Der Angeklagte darf vor Gericht die Aussage verweigern und muß auch nicht die Wahrheit sagen,was die Tat betrifft. Der Anwalt muß ihn nach bestem Wissen und Gewissen vertreten, auch wenn er ein Mörder sein sollte. Denn da geht es auch um das Strafmaß,lebenslänglich mit Chance auf Bewährung nach 15 Jahren, oder anschließende Sicherheitsverwahrung in einer Psychiatrischen Klinik! HOffe ich konnte deine Frage gut beantworten!(Bin kein Anwalt!)

Der Anwalt ist seinem Mandanten verpflichtet. Er darf - auch wenn er die Täterschaft kennt - dem Gericht keine Tipps geben.

Er darf auch nicht mit Staatsanwälten zu Lasten des Täters handeln.

Soweit unser Recht. Die Praxis ist oft nicht so. Oft erkennt ein Anwalt, dass er für den Täter nicht den Freispruch bekommt, den dieser sich erhofft und dann wird auch hinter dem Rücken des Mandanten bis hin zum zu erwartenden Urteil gedealt.

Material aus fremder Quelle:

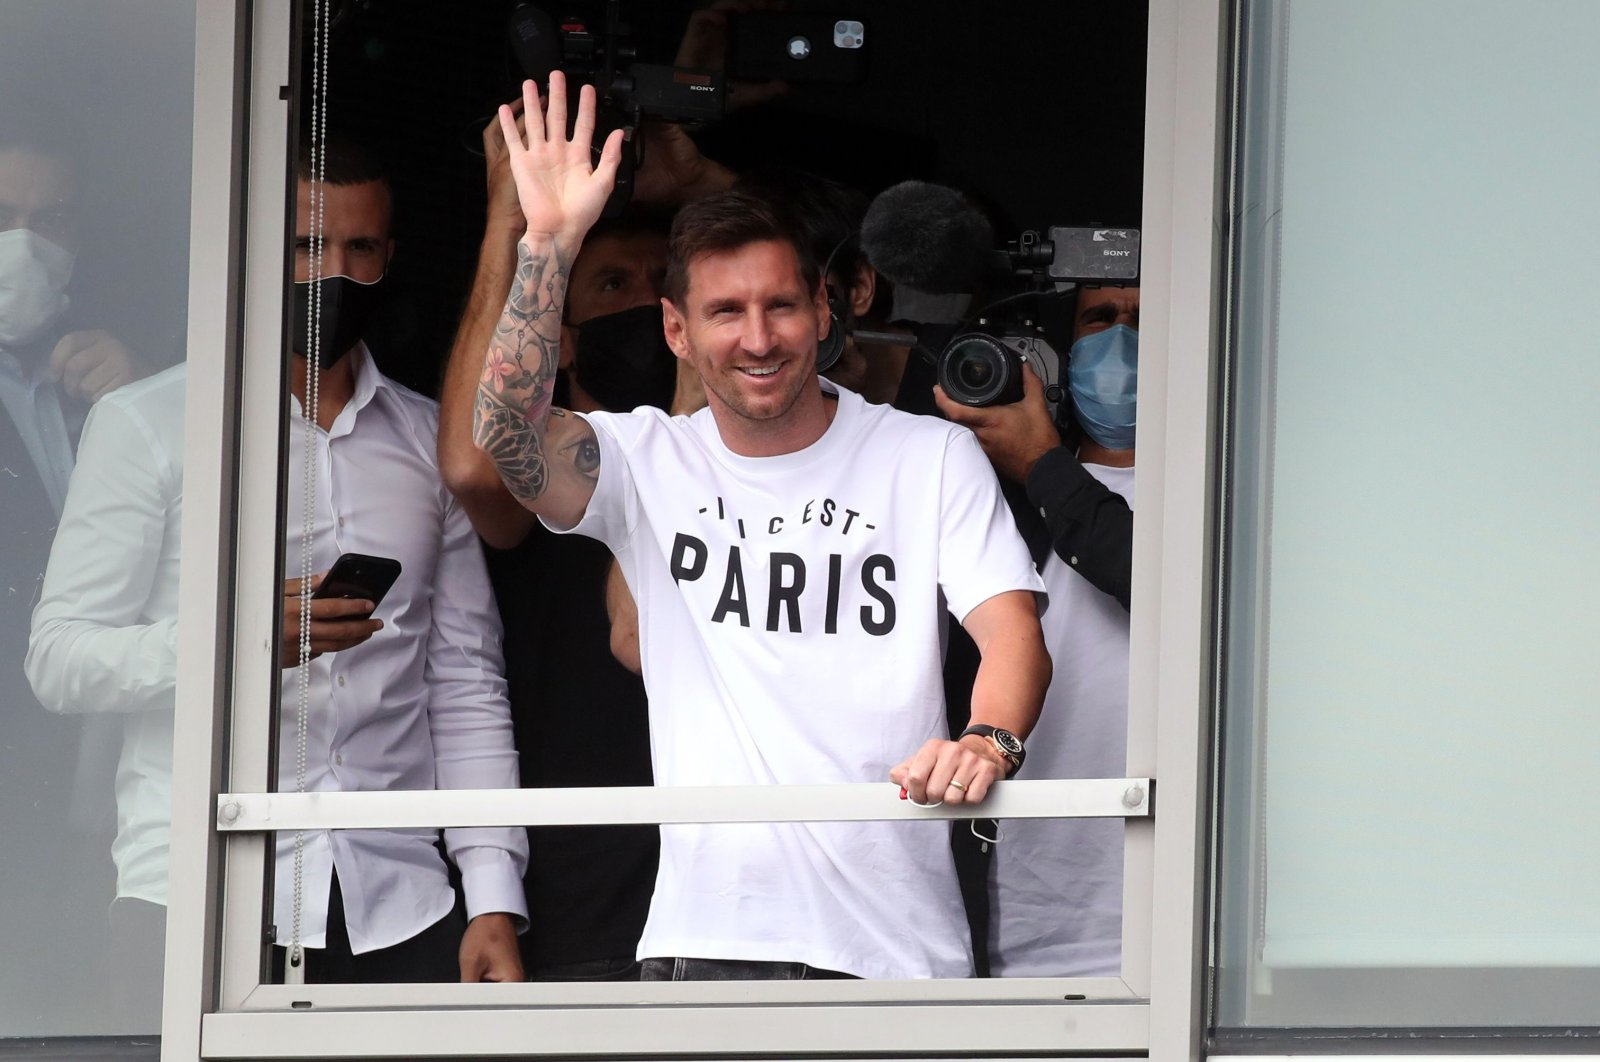 Lionel Messi waves at PSG fans after arriving at Paris-Le Bourget Airport, Paris, France, Aug. 10, 2021. (Reuters Photo)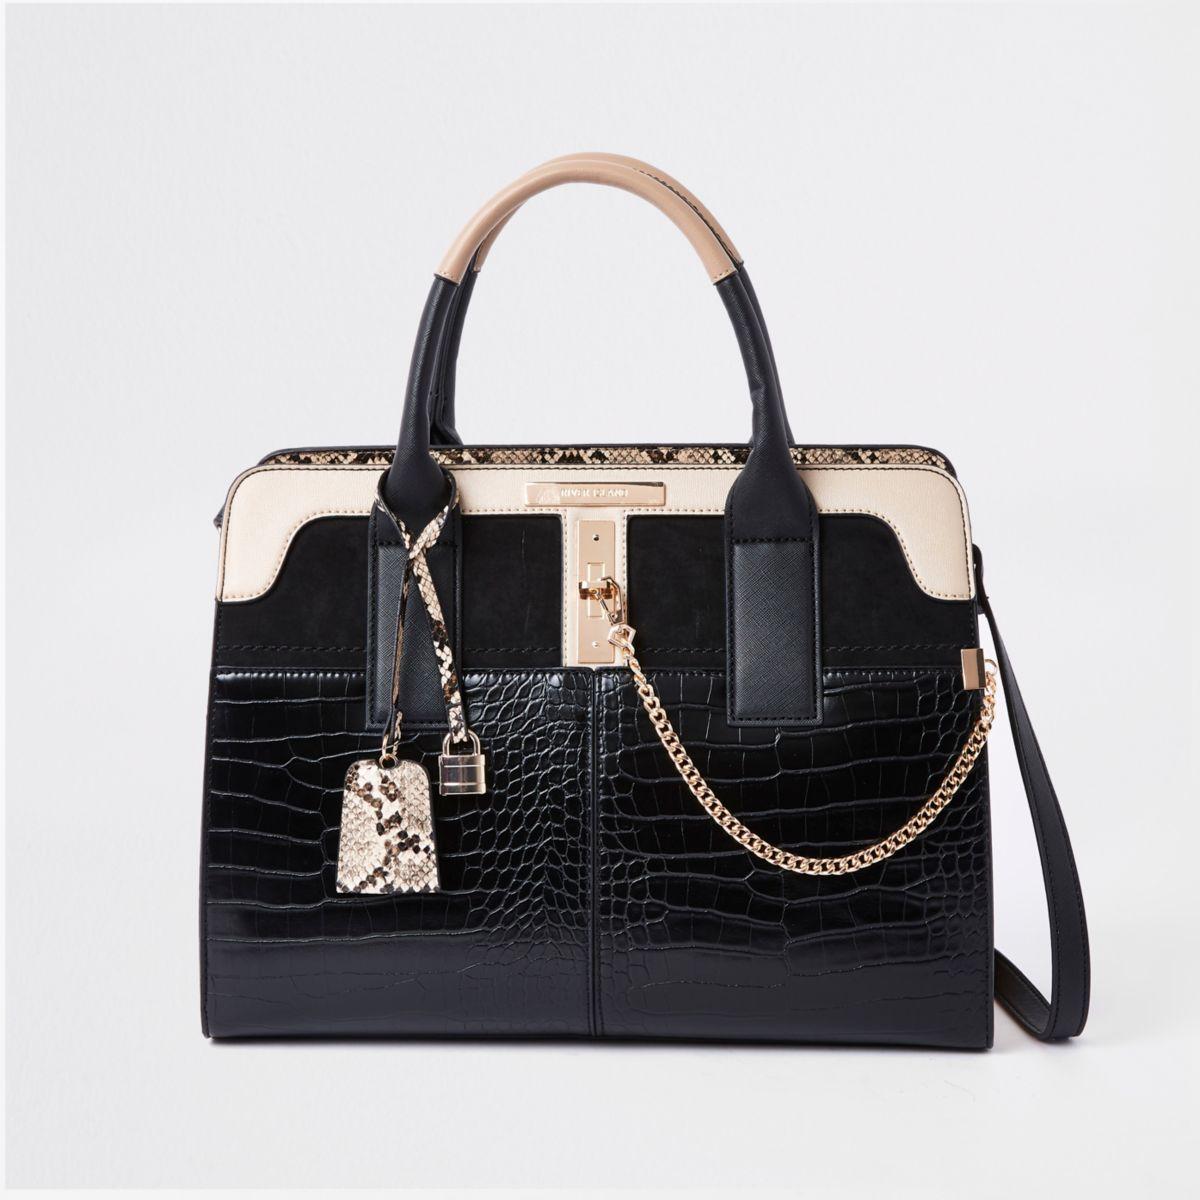 Zwarte handtas met krokodillenreliëf en slot voor

Allerdings ist ein Mordverwurf ein schlechtes Beispiel für Deine Frage. Bei der Anklage wegens Mordes sind meist die Fakten so klar, dass der Angeklagte bestreiten kann, solange er will. Vergesse nicht, dass wir heute über einen DNA-Abgleich in Mordsachen überwiegend beweisen können, wer Täter sein kann ( solange jemand nicht verurteilt ist ).

Ein Anwalt ist generell erstmal für seinen Mandanten da und sagen darf er dem Richter nichts, was sein Mandant nicht genehmigt hat. Wenn der Anwalt weiß, dass der Mandant schuldig ist, dann kann er trotzdem versuchen ihn frei zu bekommen. Wenn die Beweislage es zulässt, dann kann er auch einen Freispruch erwirken. Das ist eher eine moralische Sache, als eine rechtliche.

Dein Anwalt ist dein bester Freund. Ob und wie er seinen Mandanten verteidigt ist allein Sache seines Gewissens.